Aditionally while implementing the parser, I came across a compiler error that I didn't quite understand how to handle. At first I wanted the Parser::parse function to receive the contents string slice as an argument and tokenize the contents within the parse function, like this

fn parse<'a>(contents: &'a str) -> Node<'a> {
        let mut lexer = Lexer::new(contents);
        let tokens: Vec<Token<'a>> = lexer.tokenize();
        let mut iter = tokens.iter().peekable(); // ERROR: `tokens` does not live long enough, borrowed value does not live long enough
        let mut root: Option<Node<'a>> = None;
        while let Some(token) = iter.next() {
            match token {
                Token::Bracket(dir) => {
                    if *dir == LEFT {
                        root = Some(Parser::parse_object(&mut iter));
                    } else {
                        panic!("Unexpected closing bracket");
                    }
                }
                Token::Brace(dir) => {
                    if *dir == LEFT {
                        root = Some(Parser::parse_array(&mut iter));
                    } else {
                        panic!("Unexpected closing brace");
                    }
                }
                _ => {
                    panic!("Unexpected token at top level: {:?}", token);
                }
            }
        }
        root.expect("No root object found")
    }

This caused the following compiler error

`tokens` does not live long enough
borrowed value does not live long enough

Which correct me if I'm wrong could be because the compiler thinks that I might hold a reference to tokens in my root Node that will be dropped once parse returns, but I don't understand why. Since the Nodes (of variant String) could only hold references to the original contents slice, same with the Tokens and their lifetime should match the lifetime of the contents slice which should outlive the parse function.

A tip when writing questions about code and error messages: Try to include the full rustc output for the error/diagnostic message, as obtained e.g. from running cargo check on the terminal, not just the overly short snipped your IDE might give you.

2 Likes

So the error looks like this

error[E0597]: `tokens` does not live long enough
   --> src/main.rs:297:24
    |
294 |     fn parse<'a>(contents: &'a str) -> Node<'a> {
    |              -- lifetime `'a` defined here
295 |         let mut lexer = Lexer::new(contents);
296 |         let tokens: Vec<Token<'a>> = lexer.tokenize();
    |             ------ binding `tokens` declared here
297 |         let mut iter = tokens.iter().peekable();
    |                        ^^^^^^ borrowed value does not live long enough
298 |         let mut root: Option<Node<'a>> = None;
    |                       ---------------- type annotation requires that `tokens` is borrowed for `'a`
...
321 |     }
    |     - `tokens` dropped here while still borrowed

It’s a bit surprising that the lifetime of the Vec should be tied to the one of the &'a str as this error message suggests.

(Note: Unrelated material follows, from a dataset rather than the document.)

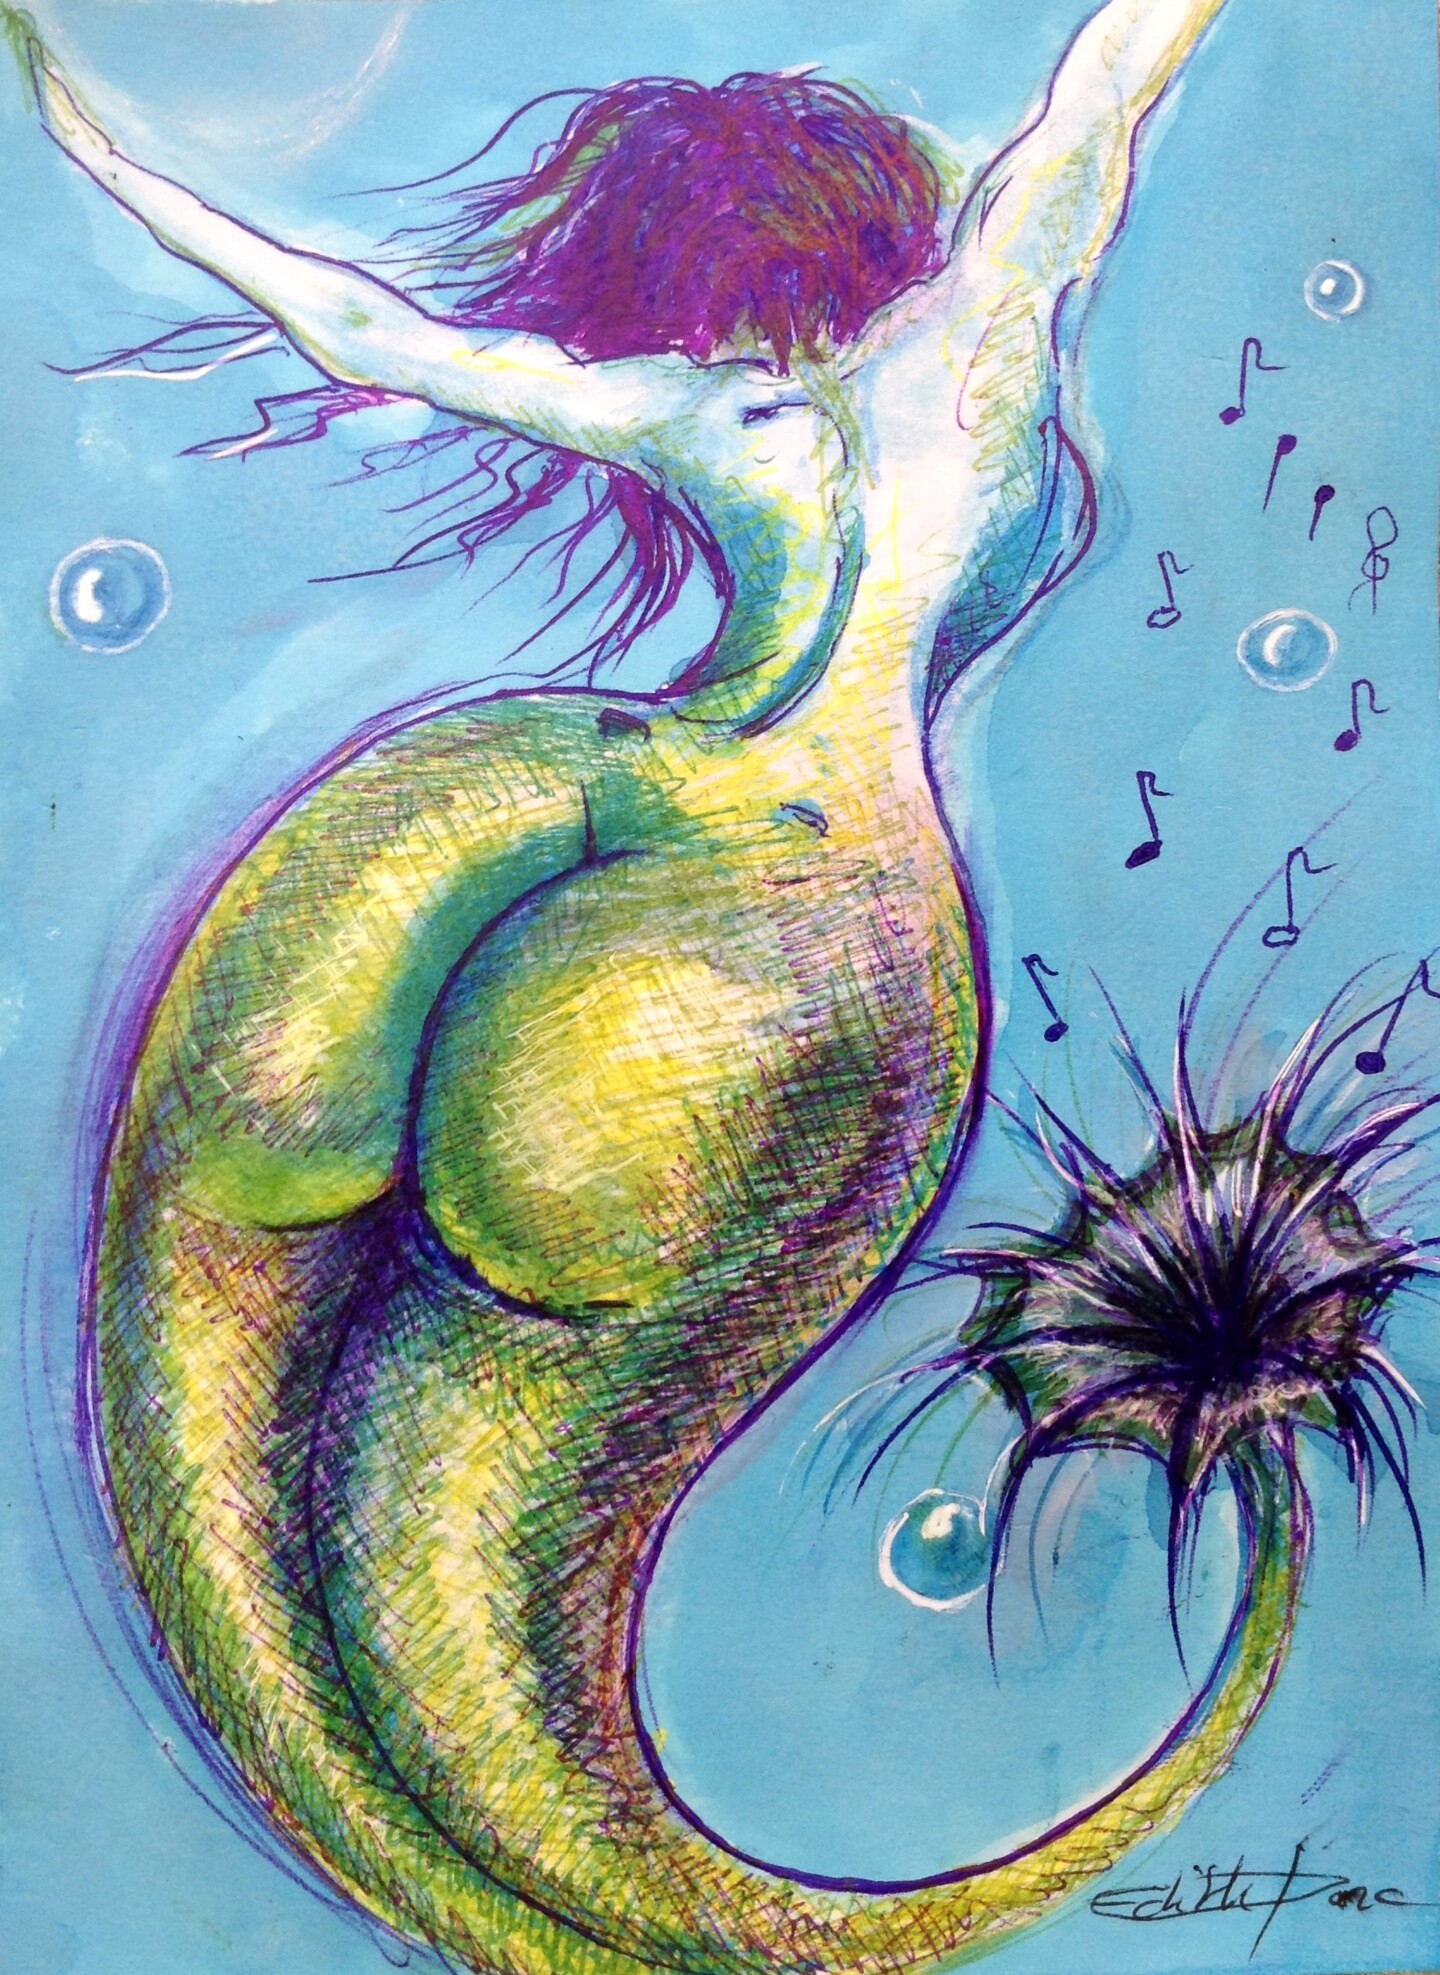 Edith Donc - Danseuse aquatique

Turns out, the problem was merely in your own function signatures.

If you turn

    fn parse_array<'a>(tokens: &mut iter::Peekable<std::slice::Iter<'a, Token<'a>>>) -> Node<'a> {

into

    fn parse_array<'a>(tokens: &mut iter::Peekable<std::slice::Iter<'_, Token<'a>>>) -> Node<'a> {

and

    fn parse_object<'a>(tokens: &mut iter::Peekable<std::slice::Iter<'a, Token<'a>>>) -> Node<'a> {

into

    fn parse_object<'a>(tokens: &mut iter::Peekable<std::slice::Iter<'_, Token<'a>>>) -> Node<'a> {

to untie the 'a in Token<'a> (lifetime of the &'a str values inside) from the lifetime of the slice::Iter (which is the lifetime that the Vec<Token> is borrowed for)

then it works :wink:

4 Likes

I haven't looked at your algorithm at all, I'm just addressing the lifetime error you got.


Let's take a closer look at the iter method on Vec<T>:

pub fn iter(&self) -> Iter<'_, T>
// With less elision
pub fn iter<'v>(&'v self) -> Iter<'v, T>

The meaning of this signature is that the Iter<'v, T> keeps the Vec<T> borrowed so long as it exists. You can think of it as the iterator holding on to the &'v Vec<T> (though it doesn't have to be implemented that way). The iterator gives you items of type &'v T.

Then over here:

    // A caller chosen lifetime which denotes the borrow duration
    // of `*contents` -- necessarily longer than the function body
    //       vv             vv              vv
    fn parse<'a>(contents: &'a str) -> Node<'a> {
        let mut lexer = Lexer::new(contents);
        let tokens: Vec<Token<'a>> = lexer.tokenize();
        let mut iter = tokens.iter().peekable();

You're creating an Iter<'v, Token<'a>>, and the local tokens must be borrowed for 'v. Then you try to pass it here...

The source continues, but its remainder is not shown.